For major bleeding, a potentially meaningful interaction suggesting a greater benefit for standard-dose DOAC versus warfarin was observed in younger patients (HR for standard-dose DOAC versus warfarin increases by 10.2% [95% CI, 1.3%–19.9%] for every 10-year increase in age; P=0.02). A similar potentially meaningful interaction for major bleeding was observed for lower-dose DOAC versus warfarin in younger patients (HR for lower-dose DOAC versus warfarin increases by 17.6% [95% CI, 3.4%–33.7%] for every 10-year increase in age; P=0.01; Table 2). No meaningful interaction for major bleeding was observed after stratification by sex for either treatment strategy (Table 1 and Figure S2).

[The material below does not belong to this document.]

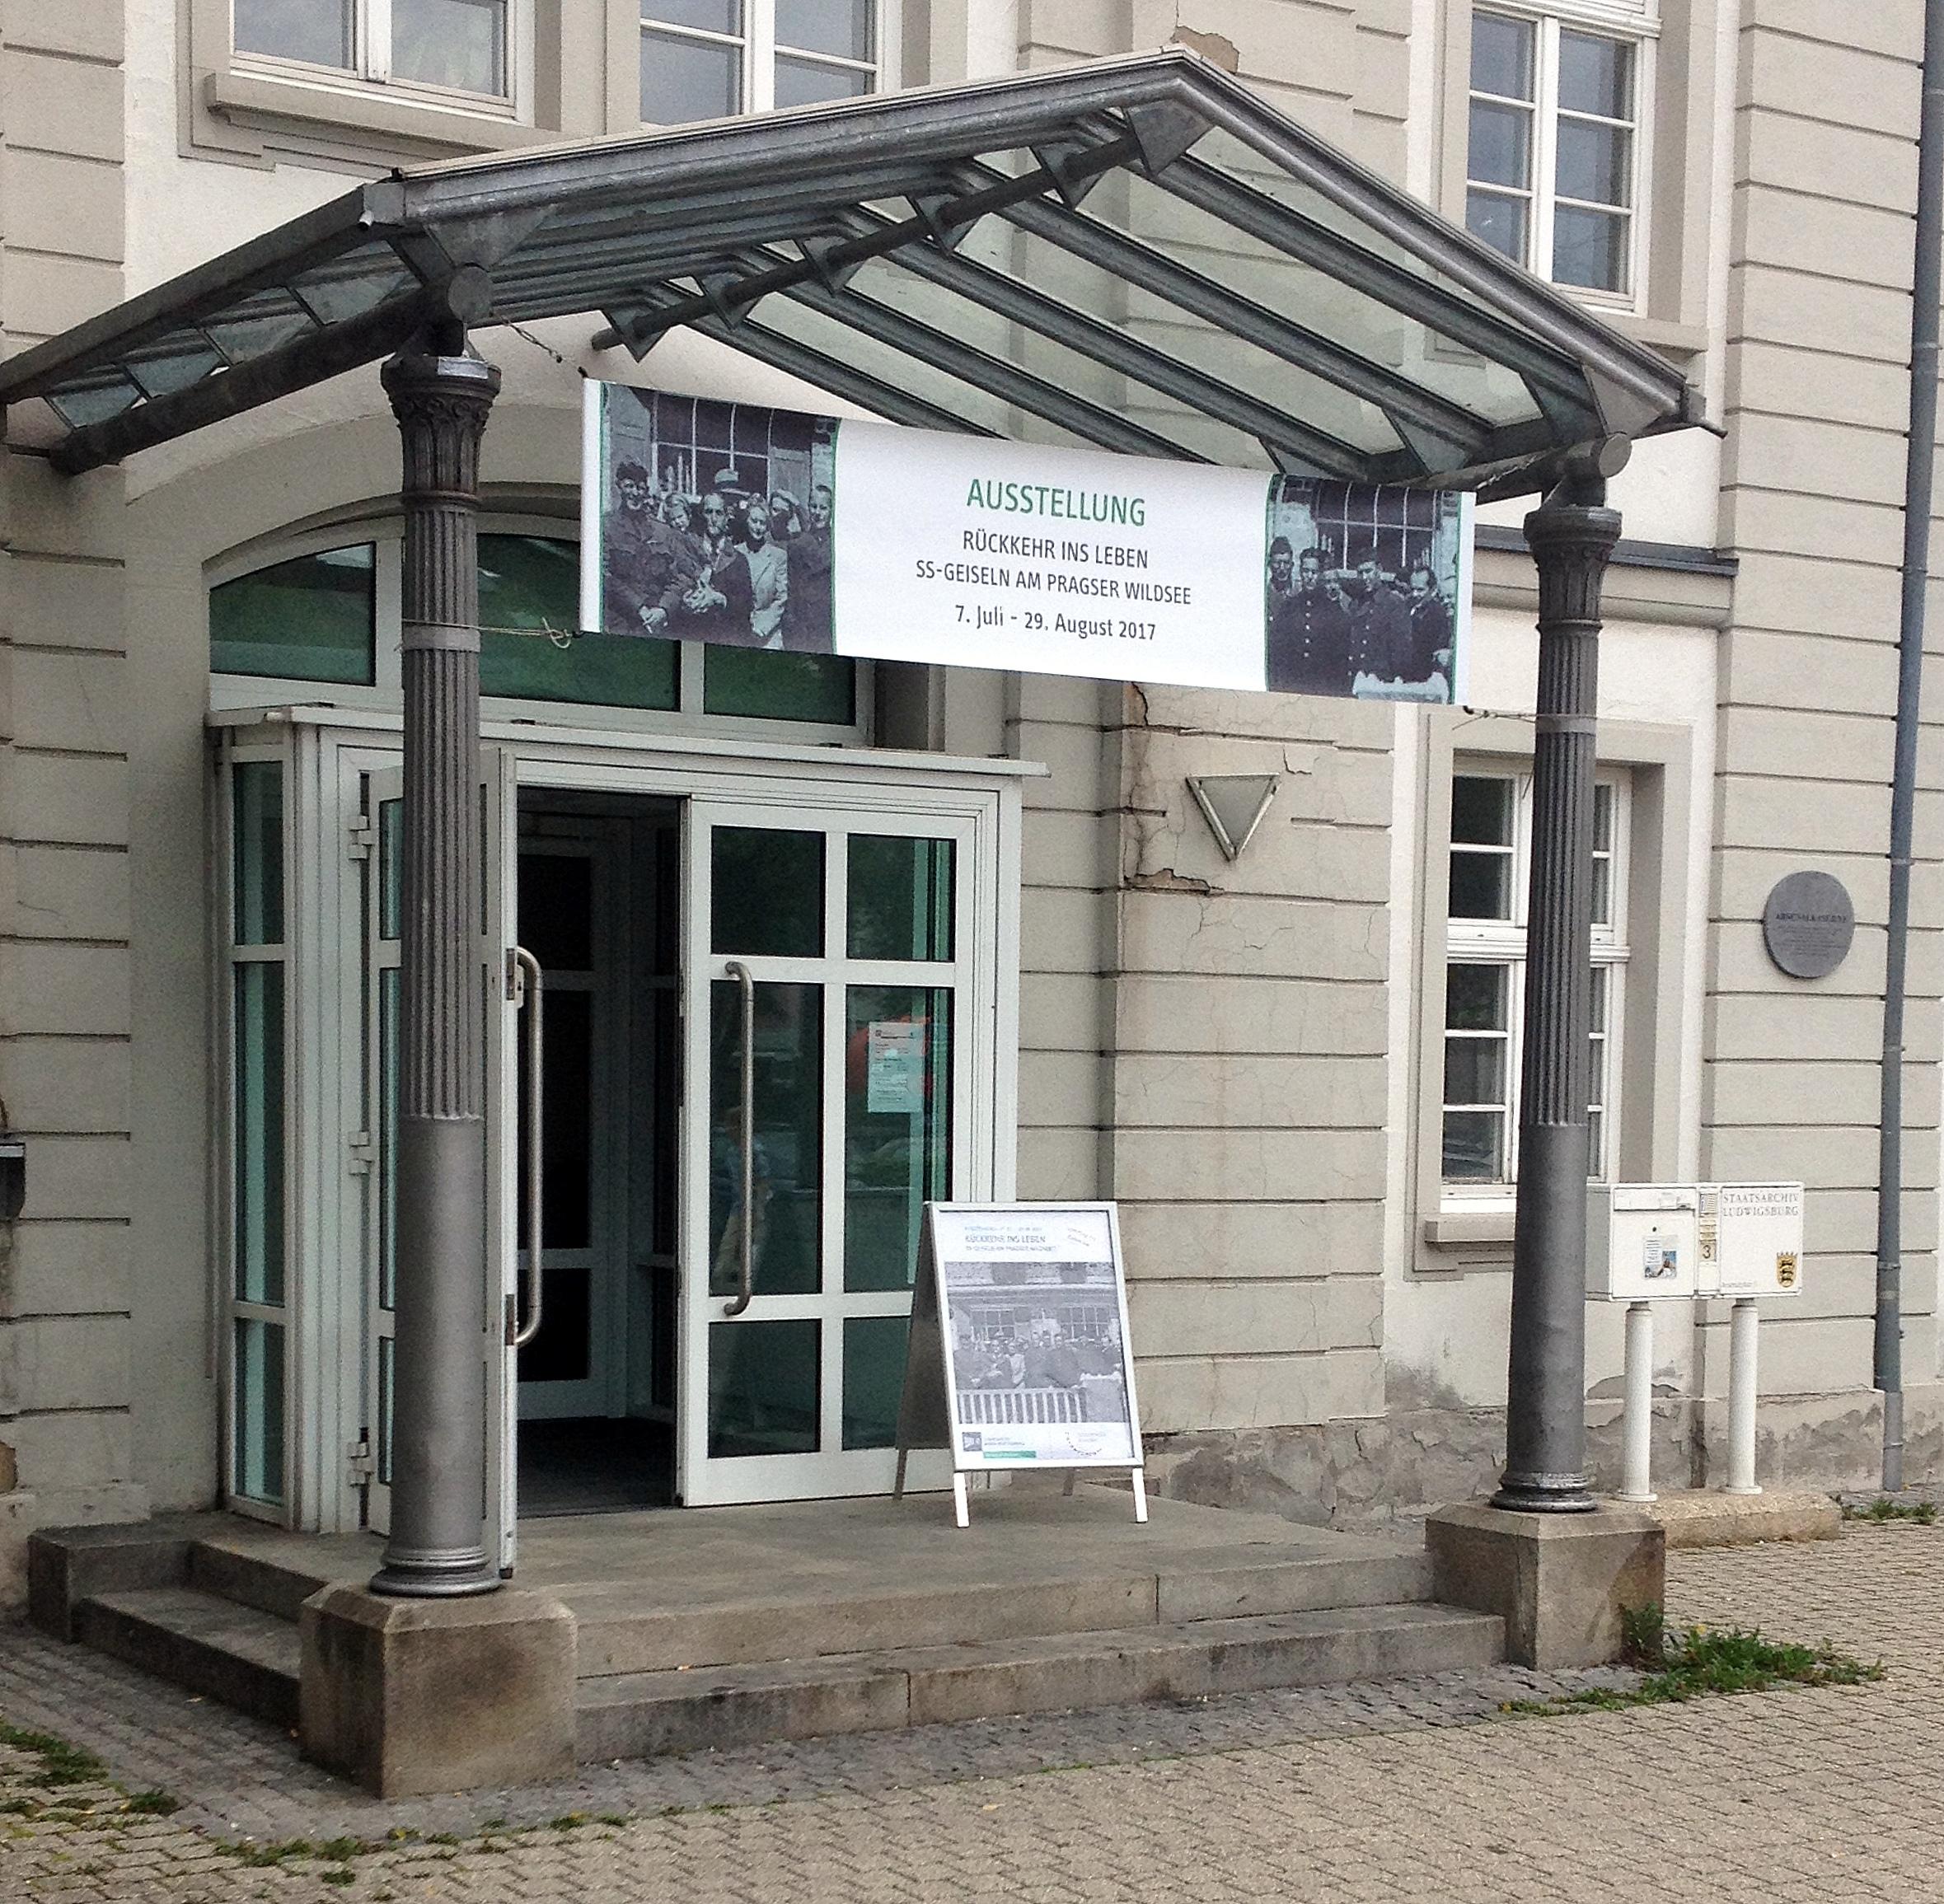 Ludwigsburg, Ausstellung 2017

For all-cause death, no meaningful interaction was observed for standard-dose or lower-dose DOAC versus warfarin across the spectrum of age or after stratification by sex (Table 2).
Sensitivity Analyses
In the sensitivity analyses, after exclusion of patients from RE-LY and exclusion of patients from the lower-dose DOAC arm from ENGAGE AF-TIMI 48 so as to include only factor Xa inhibitors in the standard-dose DOAC treatment strategy groups, HRs for stroke or systemic embolism and major bleeding for standard-dose DOAC versus warfarin did not differ from those from the primary analyses (Figure S3). The estimated HR for major gastrointestinal bleeding with standard-dose DOAC versus warfarin was found to be lower in magnitude compared with the primary analyses. For standard-dose DOAC versus warfarin, the increase in major gastrointestinal bleeding observed in the primary analyses was no longer statistically significant (551/23 211 [2.37%] versus 436/23 189 [1.88%]; HR, 1.24 [95% CI, 0.98–1.58]). All other efficacy and safety outcomes were consistent with those from the primary analyses.
Discussion
In these results from network meta-analyses using individual patient-level data from the pivotal randomized trials of DOACs versus warfarin in patients with AF, we found that a standard-dose DOAC treatment strategy results in significant reductions in the risk of stroke or systemic embolism, intracranial bleeding, and all-cause death compared with warfarin. No statistically significant difference in major bleeding was observed, although moderate heterogeneity across trials was observed. The benefit of standard-dose DOACs over warfarin for stroke or systemic embolism was more pronounced in patients without previous VKA use and in patients with lower creatinine clearance, but was consistent across the entire range of patient age and was consistent after stratification by sex. For major bleeding, statistically significant interaction was observed suggesting a greater benefit for standard-dose DOAC over warfarin in patients with lower body weight and younger age, regardless of sex.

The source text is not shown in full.